Read about an inspirational woman and hairdresser, Martha Matilda Harper(1857-1950)! Martha Matilda Harper was an immigrant, innovator, entrepreneur, and shrewd businesswoman. She boast many achievements; developed and marketed a hair tonic, pioneered the beauty industry to new heights, became the first franchiser by sharing her Harper Methods, followed by a multitude of disciples called Harperites and eventually responsible for 500 salons across the world – decades before Ray Kroc franchised McDonalds. (She was a cougar, too- marrying a man 20 years younger!) Yet, Martha Matilda Harper was swept away, buried deep underneath America’s history. How did one single woman persuade so many Harperites to assembly and adhere to her codes, to soar to their own identity by influencing them and the public that women could be independent and successful. Read the article in PBA Progress at http://www.probeauty.org
Martha Matilda Harper-meet one incredible woman!
I discovered Martha Matilda Harper while taking a Women in United States History course at York College. My assignment was to find an American woman that was little known and worthy of a place in the history books. Being a hair salon owner and Cosmetologist for over 25 years, I have questioned who opened and where was the first beauty salon in America? No textbook in the beauty industry, historian or professional has been able to answer the question. Miraculously, (I say miraculously because the only known book about Martha is Jane Plitt’s, published in 2000, Martha Matilda and the American Dream.) I dusted off this sleeping woman whose chestnut hair touched the floor.

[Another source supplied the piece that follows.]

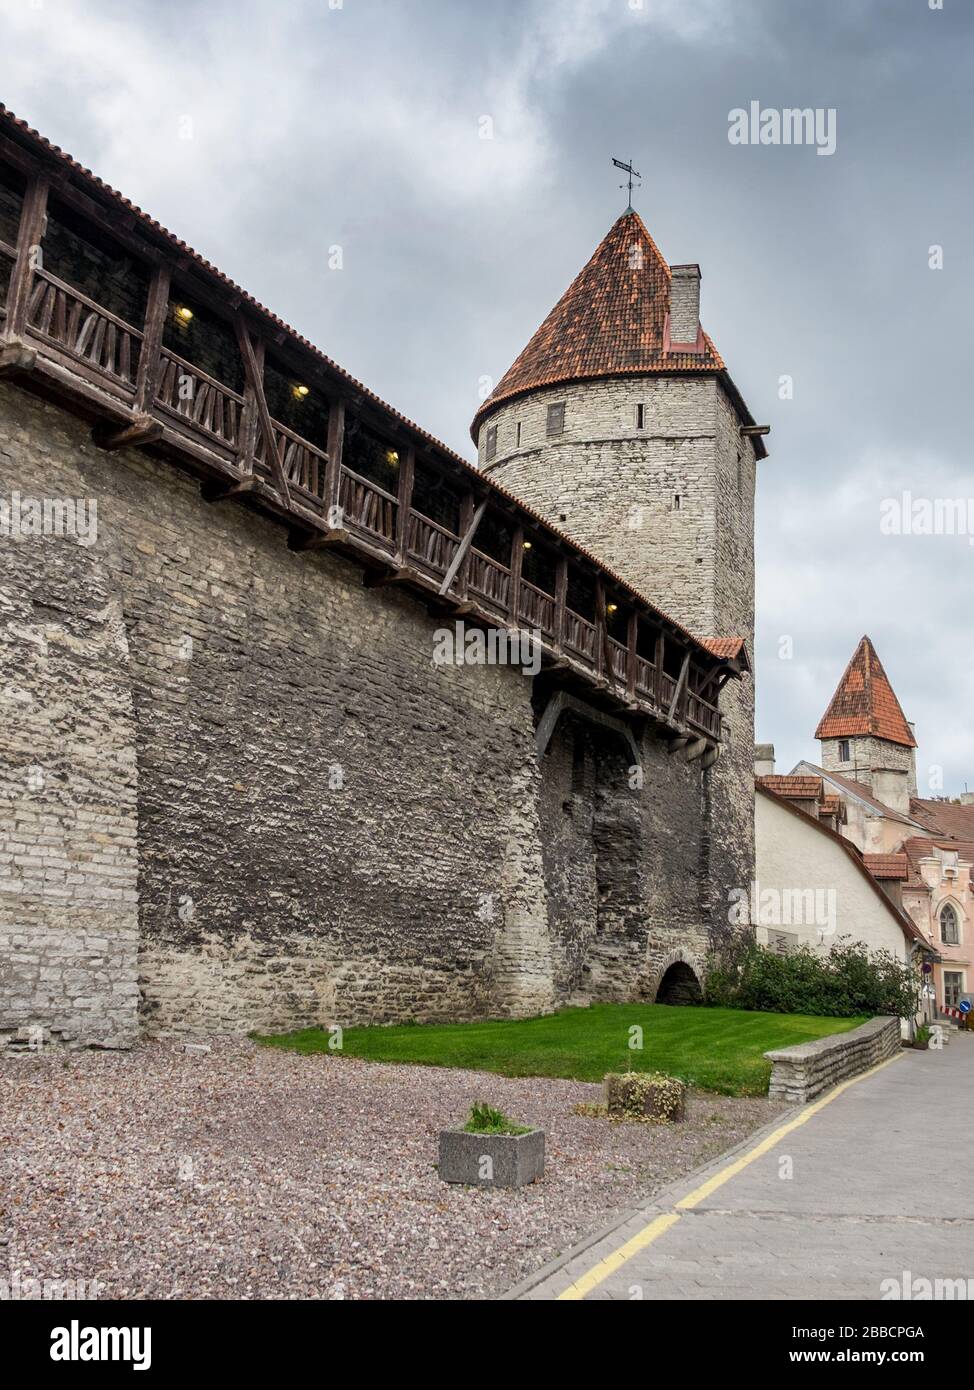 Vieille ville mur médiéval de fortification et tours de guet, Tallinn, Estonie Banque D'Images

Martha Matilda Harper was an immigrant, innovator, entrepreneur, and shrewd businesswoman. She boast many achievements; developed and marketed a hair tonic, pioneered the beauty industry to new heights, became the first franchiser by sharing her Harper Methods, followed by a multitude of disciples called Harperites and eventually responsible for 500 salons across the world – decades before Ray Kroc franchised MacDonalds.

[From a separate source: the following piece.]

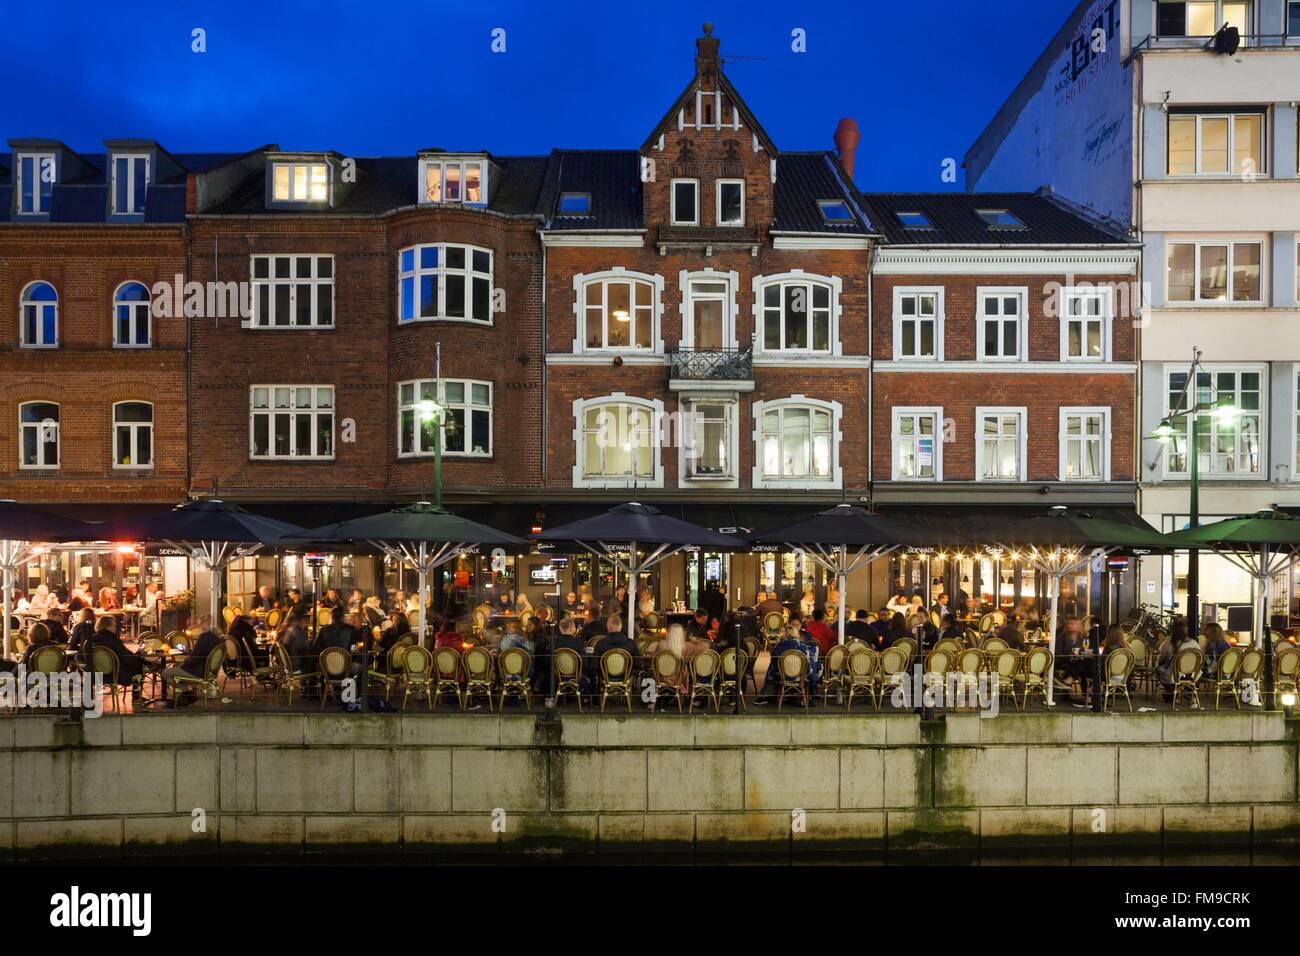 Le Danemark, le Jutland, Aarhus, Capitale européenne de la Culture 2017, les cafés au bord du canal, soir Banque D'Images

If the study of history is about uncovering voices we must study beyond male dominated accounts. It is our job to discover these voices even when academia appears to frown on the creative trades and industries such as cosmetology. The beauty industry is one of those areas most influential in creating women’s independence in history-even still today. Martha secures her place and should be acknowledged in not only the Cosmetology history books but in both history and financial studies (her place in history way be for Mr. Kroc). How one woman attracted and cultivated a franchising dynasty with diplomacy and persuasion deserves attention! According to Jane Plitt in the year 2000, American franchising, “the business vehicle Martha created, had become the dominate form of retail. . .” (pg 162). Also, women owned business are the “fastest growing segment of business ownership” (pg 162). Thanks to Jane Plitt for taking the first steps! I insist all Cosmetologists read her book! I personally know the effort both physically and mentally it takes to employ women and service clients. I will leave you with an example of Harper’s ability of rhetorical strategy. A young girl wanted to postpone opening a shop after the 1908 fire that leveled the city of Baltimore, Maryland. Miss Harper replied, “ No, now is the time to do it: the city is flattened and confused. Grow up with it, and about in this spot is the place to do it (Plitt pg 80).” This formula was her prescription for business- slightly vicious, totally determined, yet motivating and inspiring. Like every successful stylist I know!